So the first thing finding information, most people say they can't find information, it's complexity, microservice, sprawl information, sprawl. You have 10 different tools like we talked about developers just wanna be able to go to one place and find information, what's out there. What does it do? Who owns it? Who can I talk to? Where is it deployed? Can I find all that information in a single place? And if I have that, then so many different processes can be built on top of that.

And so the number thing that one thing that we hear is finding information as a pain. The second thing and we're seeing this kind of trending over time is as information becomes more and more difficult to find prioritization is becoming more important.

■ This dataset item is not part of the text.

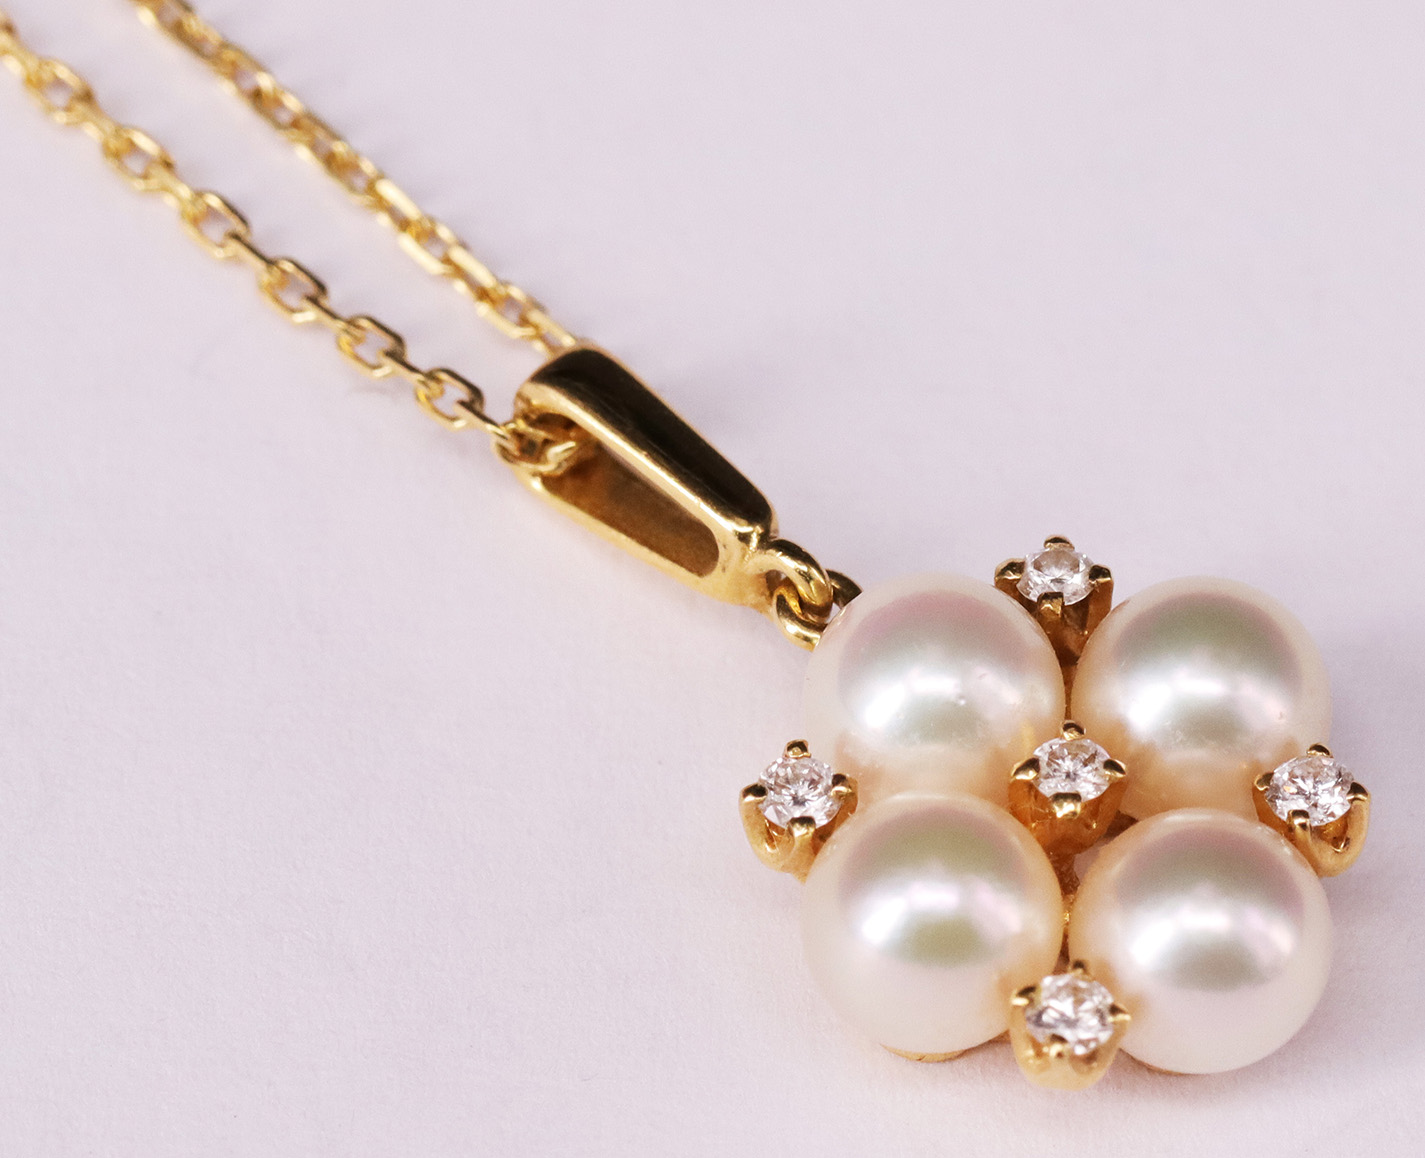 Anhänger mit Perlen und Diamanten, dazu Goldkette / Pendant with pearls and diamonds, plus a gold

Because now you have platform teams asking things of people, you have SRE teams asking things of people, security teams are ok. What do I do? Like, I've got so many things on my plate. What do I work on?

And so giving developers clear prioritization around the things that they should be focused on what they should be working on can be and should be one of the things that developer portal solves for. We kind of secondary to that. We also hear that there's a lot of noise from many tools you have your security to tools yelling at you. Datadogs are in Splunk and PagerDuty and all these other tools are yelling at you about something.

You just have a lot of information and again, back going back to that signal to noise, there's a ton of things happening. So how do you assess all that information and make informed decisions about what you should be working on? And developers are telling us that noise from those tools is making it very difficult to figure out what should I be working on.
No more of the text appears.